К Пашиным товарищам по классу она относилась высокомерно: «Серенькие, бог талантами обидел…» — и наставляла Пашу гордиться своим даром художника и полиглота. Паша гордился, не упуская случая распустить павлиньи перья талантов, но при этом так важно надувался и смотрел на всех сверху вниз, что ребята вместо признательности награждали его смехом. Паша обижался и шел искать утешения у мамы. Но мама никогда не утешала Пашу, наоборот, растравляла обиду, как палач рану, и внушала никогда и ни в чем не прощать обидчикам. «Ты выше их, — говорила она, загадочно глядя на Пашу, — и, пробьет час, ты сам узнаешь об этом».

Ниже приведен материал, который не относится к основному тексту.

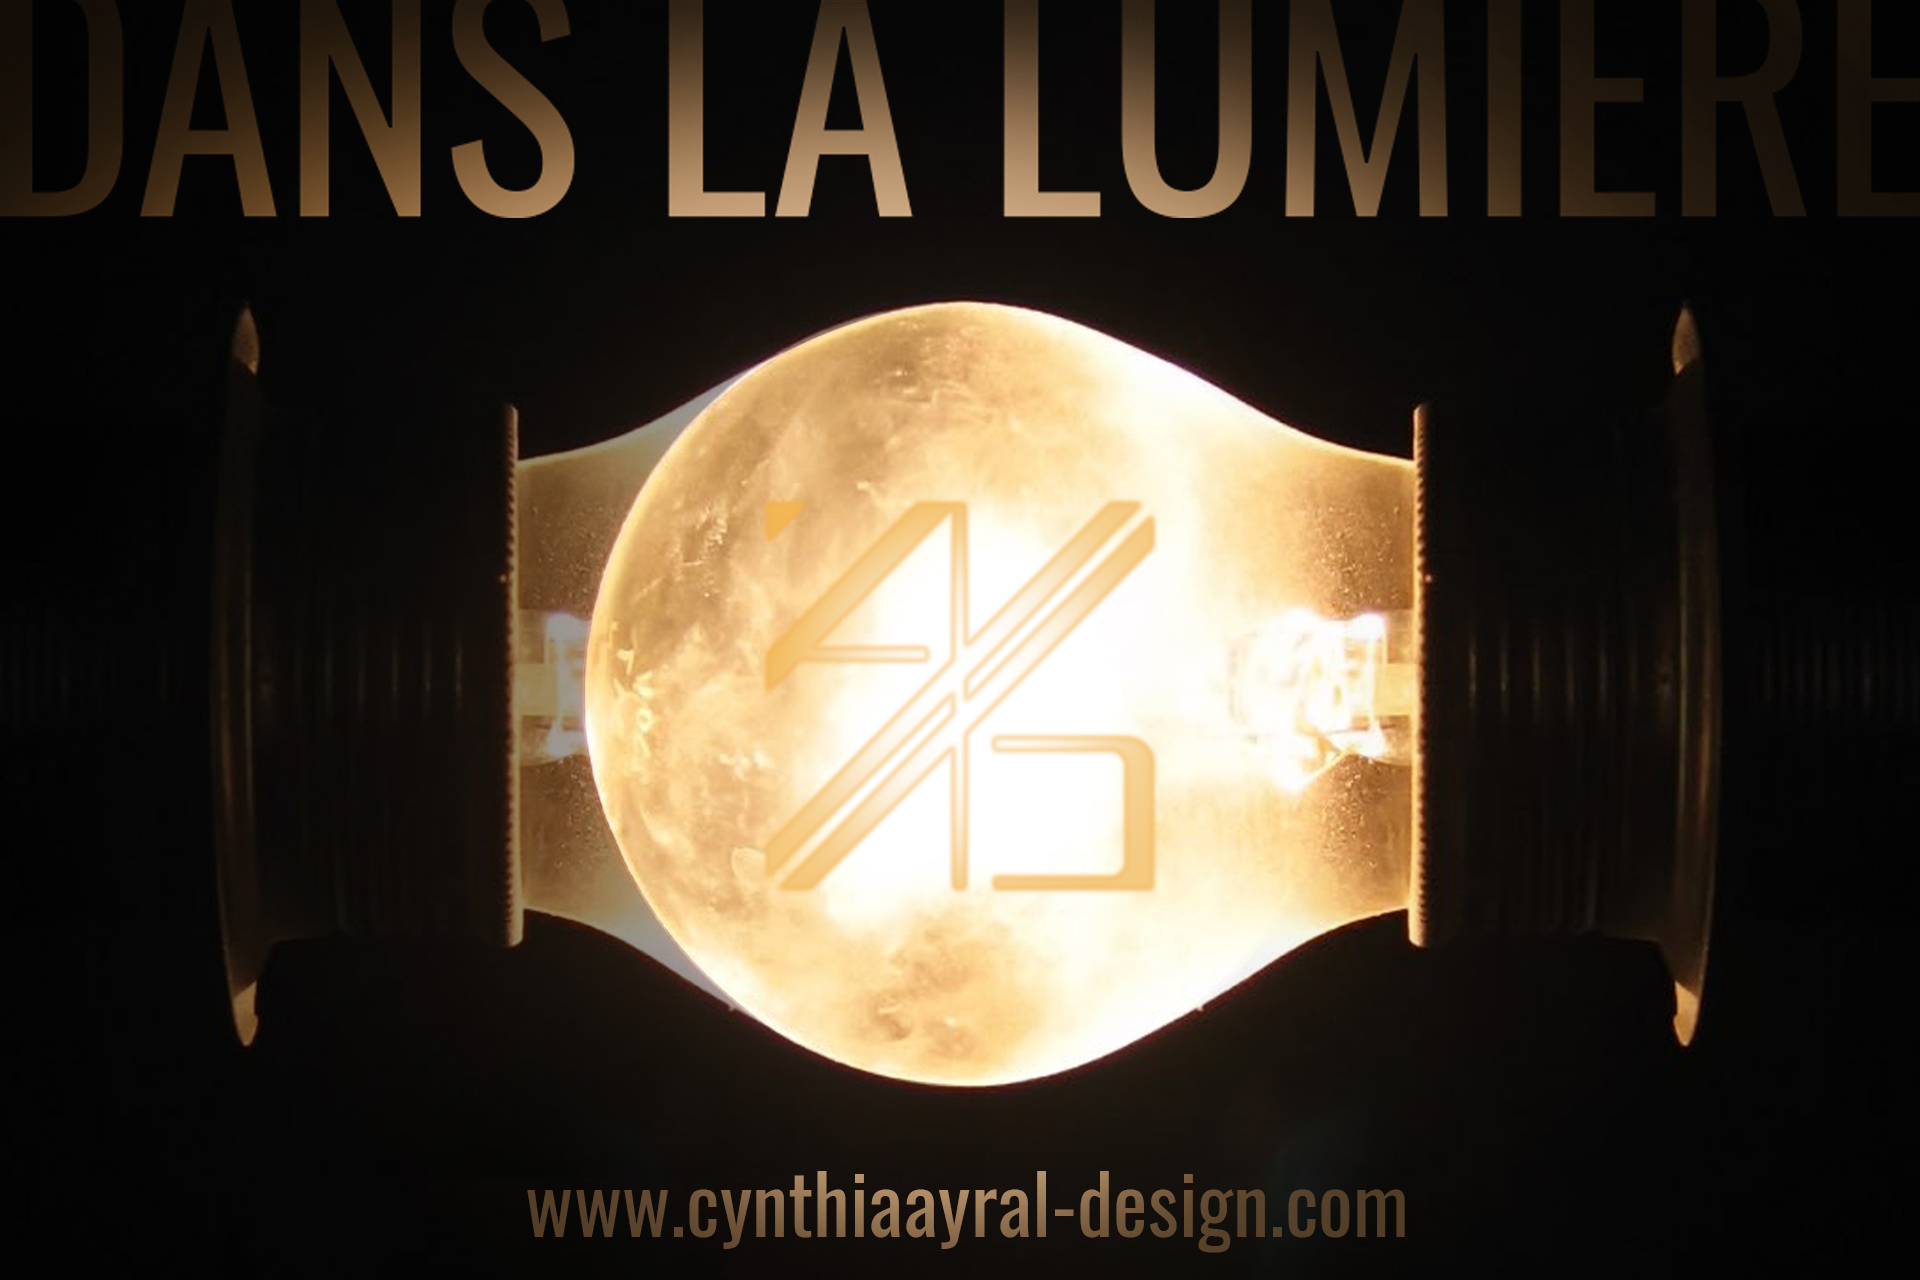 wwwcynthiaayraldesign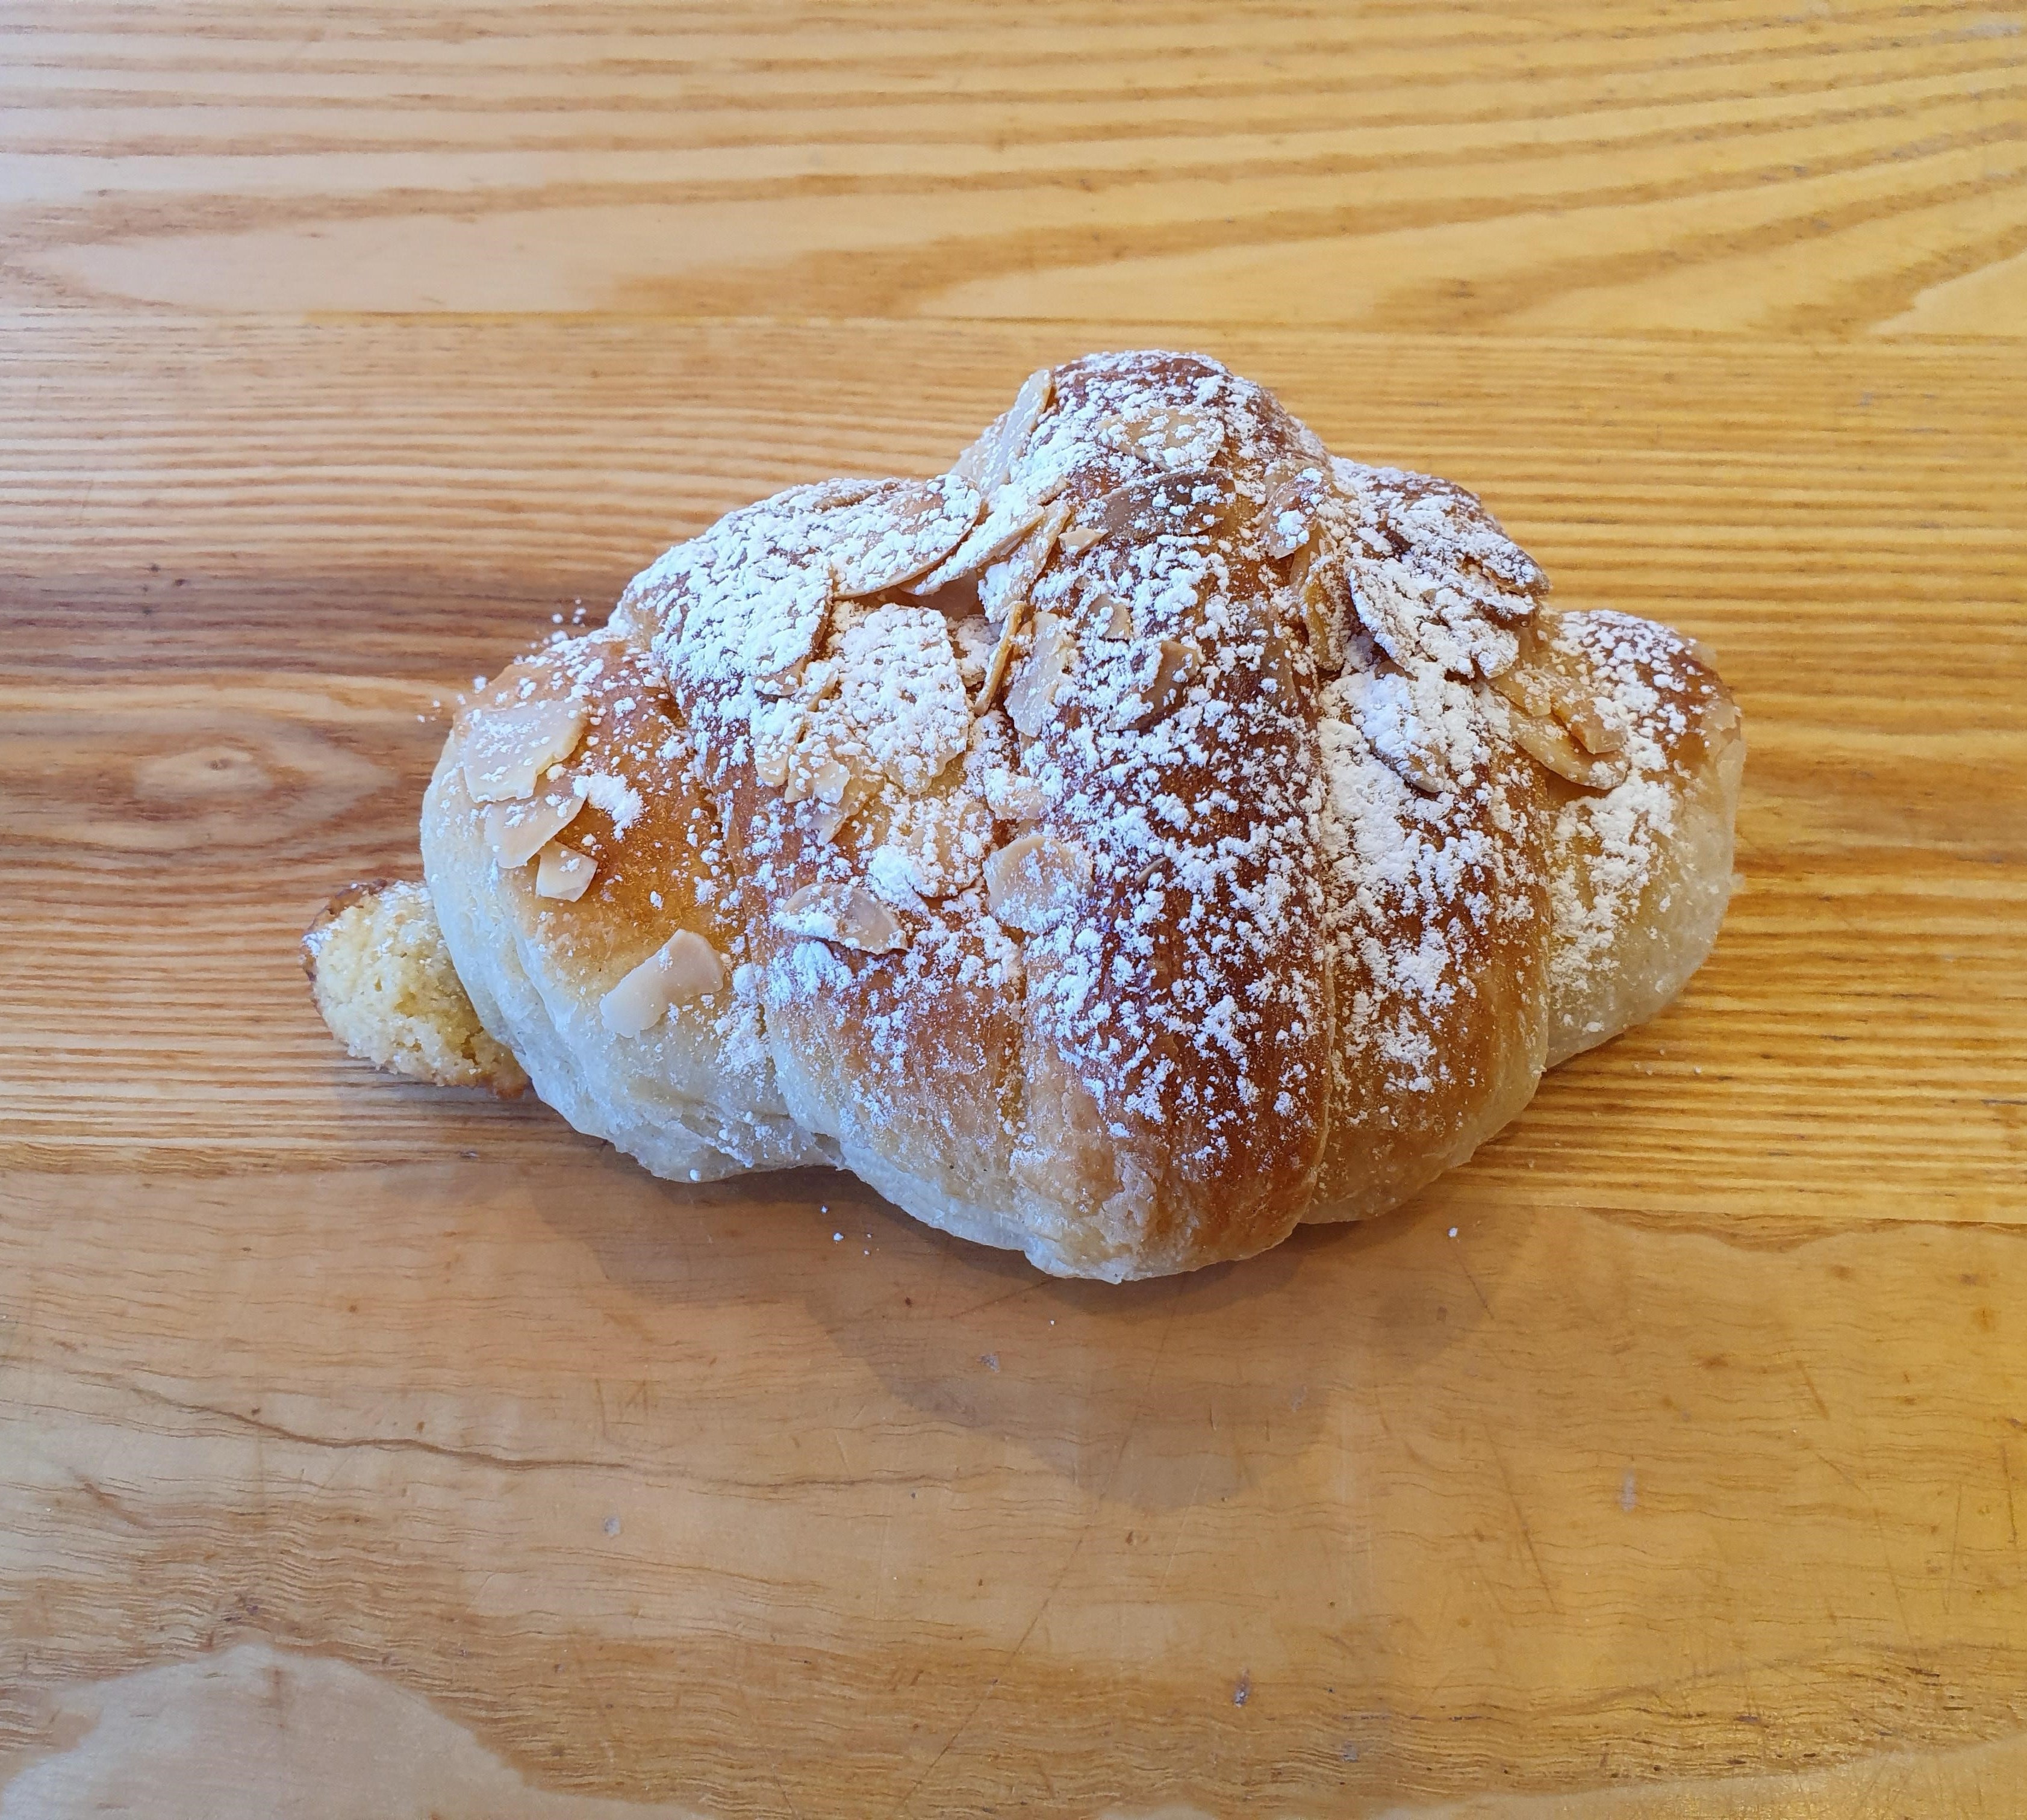 Croissant - Almond

Час пробил, когда Гитлер напал на СССР. В тот же день, когда это случилось, мама, Елизавета Ивановна, увела Пашу на берег Рузы подальше от людских глаз и ушей и заговорила с ним на… чистейшем немецком языке. У Паши от удивления язык отнялся: мама, уча его немецкому, сама, как он знал, всю жизнь довольствовалась русским.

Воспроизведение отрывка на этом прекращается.